[Stored entries]

>>>

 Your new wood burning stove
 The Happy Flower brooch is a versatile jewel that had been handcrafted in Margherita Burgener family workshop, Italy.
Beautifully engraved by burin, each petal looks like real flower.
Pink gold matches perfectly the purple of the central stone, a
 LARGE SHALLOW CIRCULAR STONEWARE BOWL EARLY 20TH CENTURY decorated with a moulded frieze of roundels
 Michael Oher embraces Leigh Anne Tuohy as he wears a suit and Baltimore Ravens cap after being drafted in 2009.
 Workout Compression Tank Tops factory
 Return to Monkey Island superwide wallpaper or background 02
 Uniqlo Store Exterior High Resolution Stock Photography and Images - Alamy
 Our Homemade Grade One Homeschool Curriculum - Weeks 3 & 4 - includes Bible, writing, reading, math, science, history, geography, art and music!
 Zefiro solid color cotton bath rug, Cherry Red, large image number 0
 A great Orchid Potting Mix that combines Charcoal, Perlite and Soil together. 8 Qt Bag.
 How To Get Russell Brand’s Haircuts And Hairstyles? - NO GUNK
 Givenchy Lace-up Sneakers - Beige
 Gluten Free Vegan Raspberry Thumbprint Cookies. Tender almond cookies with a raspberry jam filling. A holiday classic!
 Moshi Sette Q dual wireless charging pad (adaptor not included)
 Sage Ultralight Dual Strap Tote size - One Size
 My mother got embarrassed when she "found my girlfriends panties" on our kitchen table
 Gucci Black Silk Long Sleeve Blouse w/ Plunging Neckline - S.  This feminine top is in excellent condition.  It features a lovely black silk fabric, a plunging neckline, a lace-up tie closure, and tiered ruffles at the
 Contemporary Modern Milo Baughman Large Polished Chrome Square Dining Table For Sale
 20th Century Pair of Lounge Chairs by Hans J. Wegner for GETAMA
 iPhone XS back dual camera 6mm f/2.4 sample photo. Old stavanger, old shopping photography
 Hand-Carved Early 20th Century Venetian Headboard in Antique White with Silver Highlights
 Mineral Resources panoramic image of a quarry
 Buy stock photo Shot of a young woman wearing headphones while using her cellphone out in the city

<<<

Work to be completed —
All of the entries above, written out exactly, make up the reply.

Response area —
 Your new wood burning stove
 The Happy Flower brooch is a versatile jewel that had been handcrafted in Margherita Burgener family workshop, Italy.
Beautifully engraved by burin, each petal looks like real flower.
Pink gold matches perfectly the purple of the central stone, a
 LARGE SHALLOW CIRCULAR STONEWARE BOWL EARLY 20TH CENTURY decorated with a moulded frieze of roundels
 Michael Oher embraces Leigh Anne Tuohy as he wears a suit and Baltimore Ravens cap after being drafted in 2009.
 Workout Compression Tank Tops factory
 Return to Monkey Island superwide wallpaper or background 02
 Uniqlo Store Exterior High Resolution Stock Photography and Images - Alamy
 Our Homemade Grade One Homeschool Curriculum - Weeks 3 & 4 - includes Bible, writing, reading, math, science, history, geography, art and music!
 Zefiro solid color cotton bath rug, Cherry Red, large image number 0
 A great Orchid Potting Mix that combines Charcoal, Perlite and Soil together. 8 Qt Bag.
 How To Get Russell Brand’s Haircuts And Hairstyles? - NO GUNK
 Givenchy Lace-up Sneakers - Beige
 Gluten Free Vegan Raspberry Thumbprint Cookies. Tender almond cookies with a raspberry jam filling. A holiday classic!
 Moshi Sette Q dual wireless charging pad (adaptor not included)
 Sage Ultralight Dual Strap Tote size - One Size
 My mother got embarrassed when she "found my girlfriends panties" on our kitchen table
 Gucci Black Silk Long Sleeve Blouse w/ Plunging Neckline - S.  This feminine top is in excellent condition.  It features a lovely black silk fabric, a plunging neckline, a lace-up tie closure, and tiered ruffles at the
 Contemporary Modern Milo Baughman Large Polished Chrome Square Dining Table For Sale
 20th Century Pair of Lounge Chairs by Hans J. Wegner for GETAMA
 iPhone XS back dual camera 6mm f/2.4 sample photo. Old stavanger, old shopping photography
 Hand-Carved Early 20th Century Venetian Headboard in Antique White with Silver Highlights
 Mineral Resources panoramic image of a quarry
 Buy stock photo Shot of a young woman wearing headphones while using her cellphone out in the city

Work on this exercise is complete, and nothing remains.